David W. Oslin, MD, is a Professor of Psychiatry and Staff Physician at the CPL. Michael J. Crescenz VA Medical Center in Philadelphia. He serves as the Director of the VISN 4 Mental Illness, Research, Education and Clinical Center (MIRECC) and is the Chief of Behavioral Health at the VA Medical Center. He is also the Vice Chair of Veterans Health in the Department of Psychiatry at the Perelman School of Medicine, University of Pennsylvania. His research expertise includes Geriatric and Addiction Psychiatry, with a focus on Veterans' behavioral health. Dr. Oslin's educational background includes a B.S. in Biology with a Mathematics minor from the University of Richmond, an M.D. from the University of Virginia, and he is affiliated with the Perelman School of Medicine at the University of Pennsylvania.

Research topics

  • Psychiatry
  • Medicine
  • Biology
  • Psychology
  • Clinical psychology
  • Medical emergency
  • Pharmacology
  • Internal medicine
  • Genetics
  • Physical therapy

Selected publications

  • A pilot study of pharmacogenomic testing as a tool to enhance depression care in Veterans

    The Pharmacogenomics Journal · 2026-04-01

    articleSenior author
  • Persistent benefit of pharmacogenomic testing on initial remission and response rates in patients with major depressive disorder

    Frontiers in Pharmacology · 2025-10-30 · 4 citations

    articleOpen accessSenior author

    Background: In patients with major depressive disorder (MDD), achieving remission and/or response may take many months because of the lengthy trial-and-error process often needed to identify effective medication. Pharmacogenomic testing is a prescribing tool that has been shown to improve remission and response rates for MDD patients, but data describing its impact over time is limited. The objective of this study was to determine whether pharmacogenomic-guided treatment increases the rate of remission and response over time in patients with MDD, and if so, to assess the persistence of that effect. Methods: analysis of the PRIME Care (Precision Medicine in Mental Healthcare) randomized clinical trial, a pragmatic trial that compared pharmacogenomic-guided treatment with usual care among veterans with depression. Participants were recruited at 22 Department of Veterans Affairs medical centers by 676 clinicians and were randomized to the pharmacogenomic-guided arm or the usual care arm. Multivariate Cox proportional hazards models were used to estimate hazard ratios (HR) and 95% confidence intervals (CI) for associations between study arm (pharmacogenomic-guided treatment or usual care) and the first instance of response or remission as assessed by the Patient Health Questionnaire-9 (PHQ-9) scale.
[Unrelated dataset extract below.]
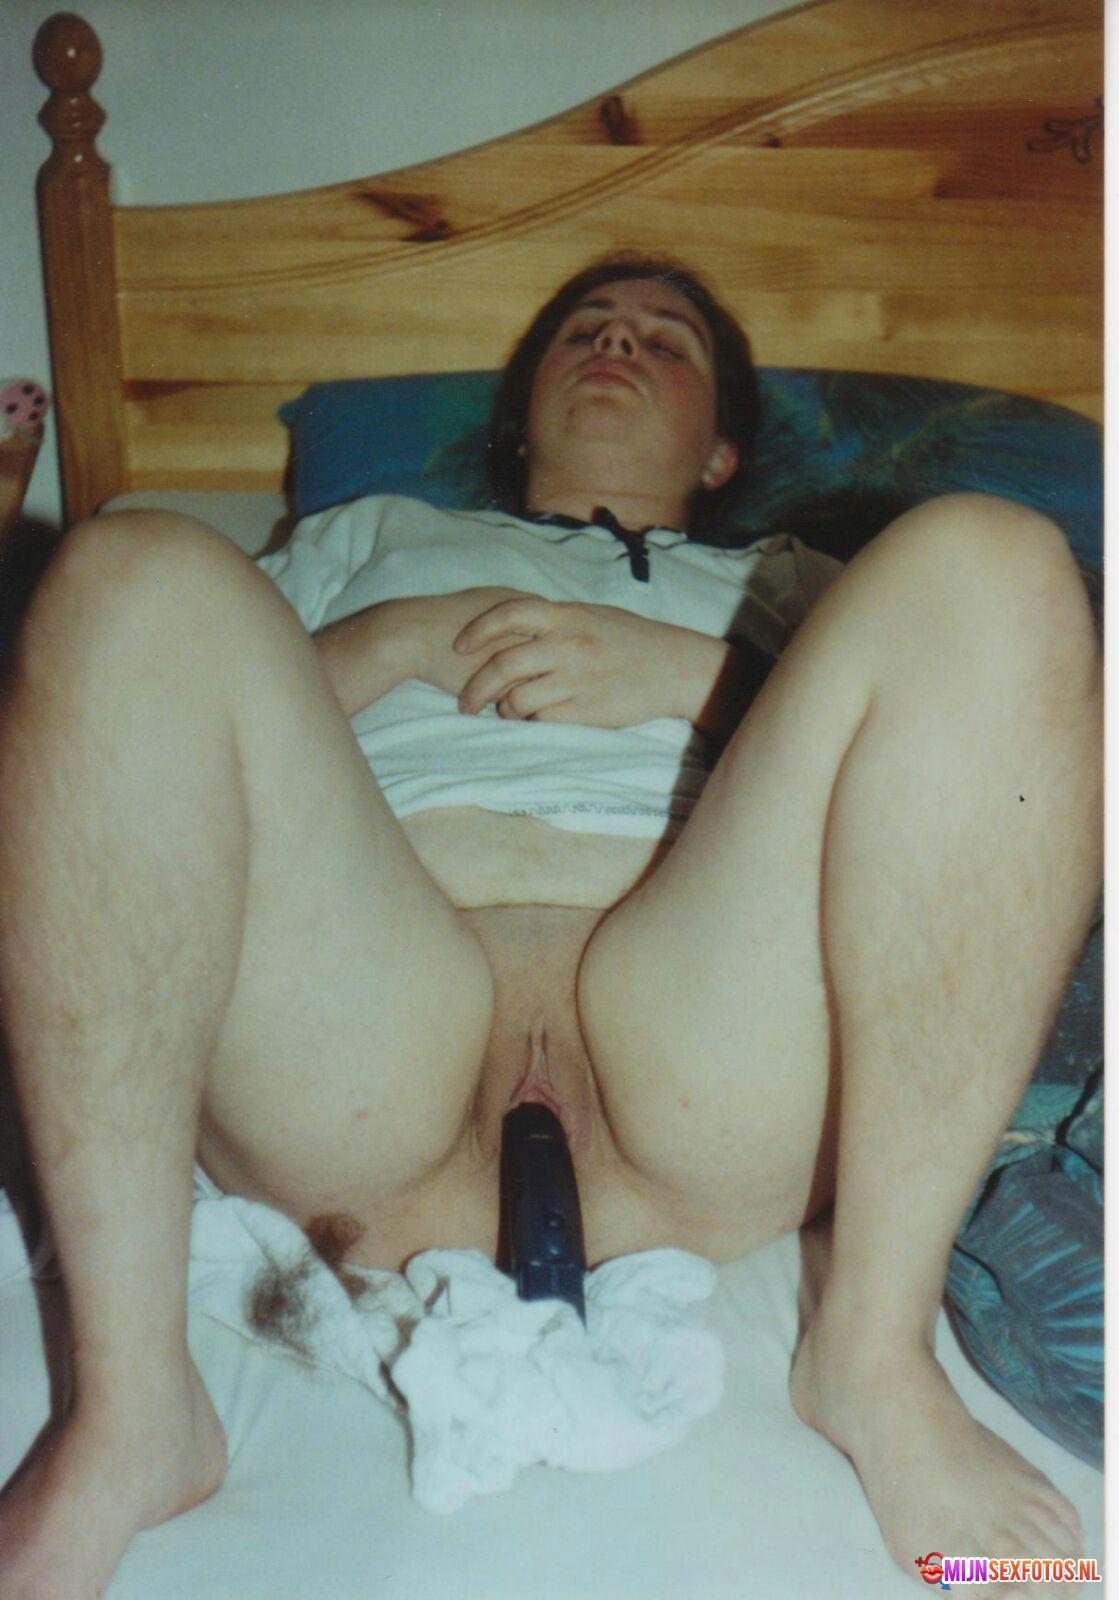 gratis seks afspraak sex in nl

Results: 1,764 (90.7%) of the 1,944 veterans who participated in the PRIME Care trial had sufficient visit data to be included in this analysis. Patients who received pharmacogenomic-guided treatment had higher rates of remission (HR [95% CI] = 1.27 [1.05, 1.53]; p = 0.015) and response (HR [95% CI] = 1.21 [1.05, 1.40]; p = 0.010) at any time relative to patients receiving usual care. Schoenfeld residuals tests were not statistically significant for remission (p = 0.931) or response (p = 0.112), providing no evidence that the benefit due to pharmacogenomic-guided treatment changed over the 24-week period. Conclusion: Pharmacogenomic-guided treatment led to faster initial remission and response in patients with MDD, and this benefit persisted over 6 months with no evidence of changing over time.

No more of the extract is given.